Yesterday I was at my parent’s house and I looked across the counter at this set of coasters that they have had for years. I have used the coasters for years. And I have (of course) read the words on them.
But it was different yesterday. I looked over and the word “Strength” jumped off the coaster in an almost audible way. So I took a picture of it and posted it to FB and Instagram (because that is what most of us do these days: we see something that touches us, take a pic and post it).
I just got the phone call that I have been somewhat expecting.
My Oncologist said that the labs came back and show molecular changes that are trending toward relapse or mutation.
He outlined our next step(s):
1. We will do more tests (bone marrow biopsy–have not had one in a while, plus other tests).
2. The medical team has already started working on my precert information for several different chemotherapy options because I will be changing therapies.
Everything should be happening within the next few weeks.
I thought that I was prepared for this news.
These labs are very sensitive and specific so they are catching the molecular changes early. It is not like 2006/7 when I was horrifically sick. It is just a tiny blip right now. So it’s OK and I will be OK.
However I am still doing that thing where I am shaking and crying very hard.
Physically and emotionally, I don’t feel good at all right now and the next couple of months will be challenging.
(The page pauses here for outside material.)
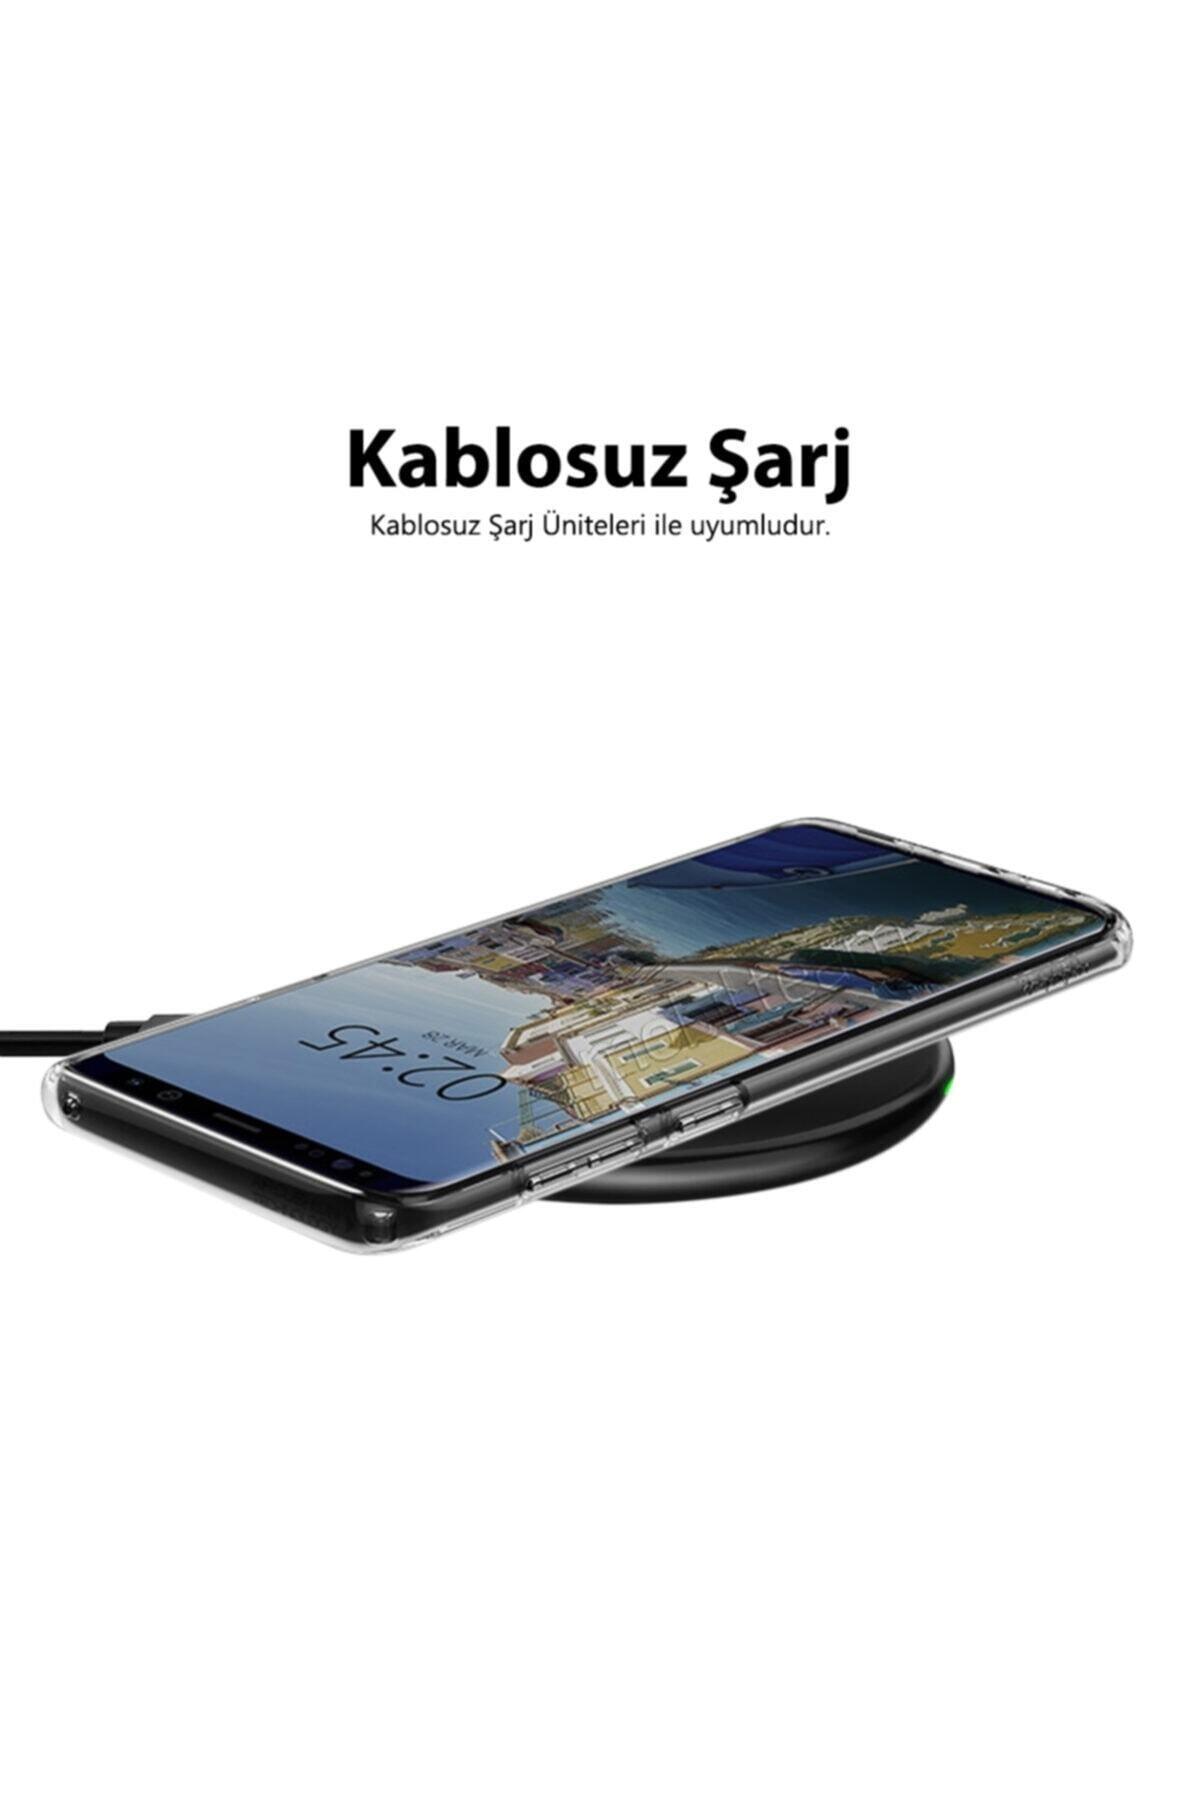 Mobilteam Apple Iphone X Kılıf Şeffaf Süper Silikon Kapak 2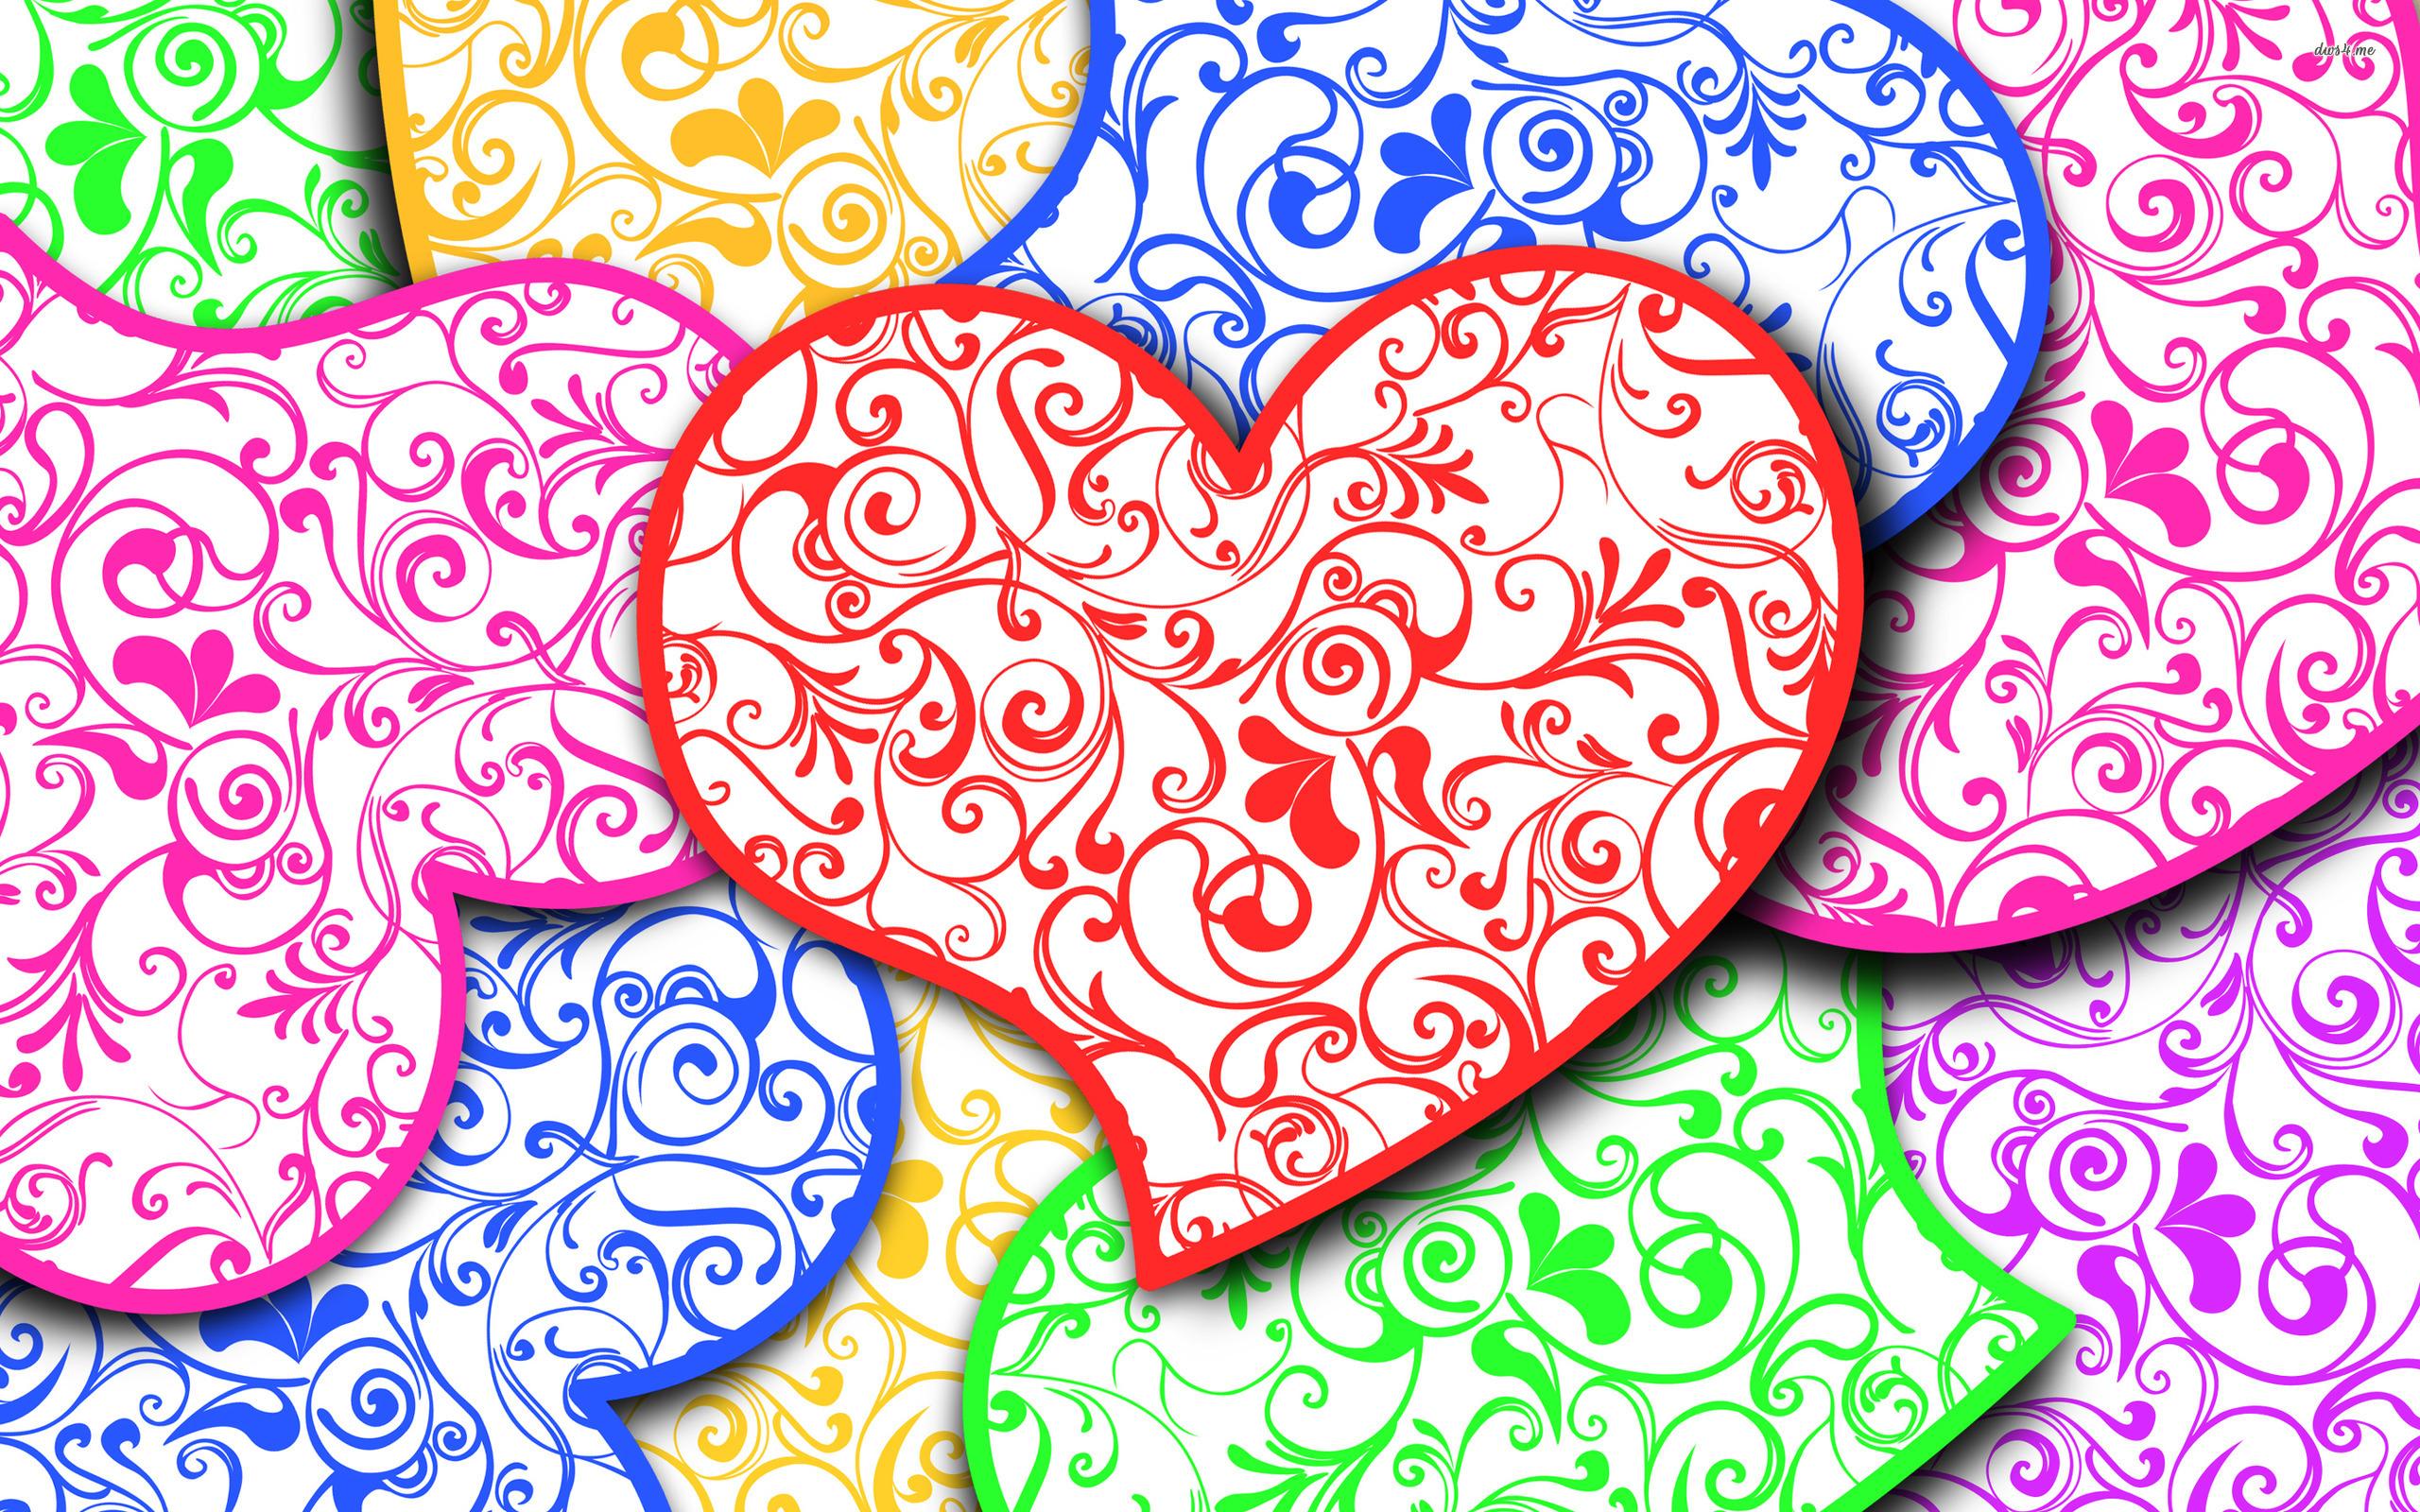 Fond D Ecran De Coeur Love Hd 148192 Hd Wallpaper Backgrounds Download

I have no doubt that it was God that drew my eyes to that coaster at my parent’s house yesterday.
I guess God was trying to prepare me for what is ahead. Please pray for strength.
Now…I am going to find a comfy pair of pj’s and sit in front of the fireplace. I am so grateful that my husband will build a warm and cozy fire for us. That he and our dog will hang out with me fireside tonight (even if a chic flick is involved…and I have a feeling a really sappy, tear jerking chic flick might be involved).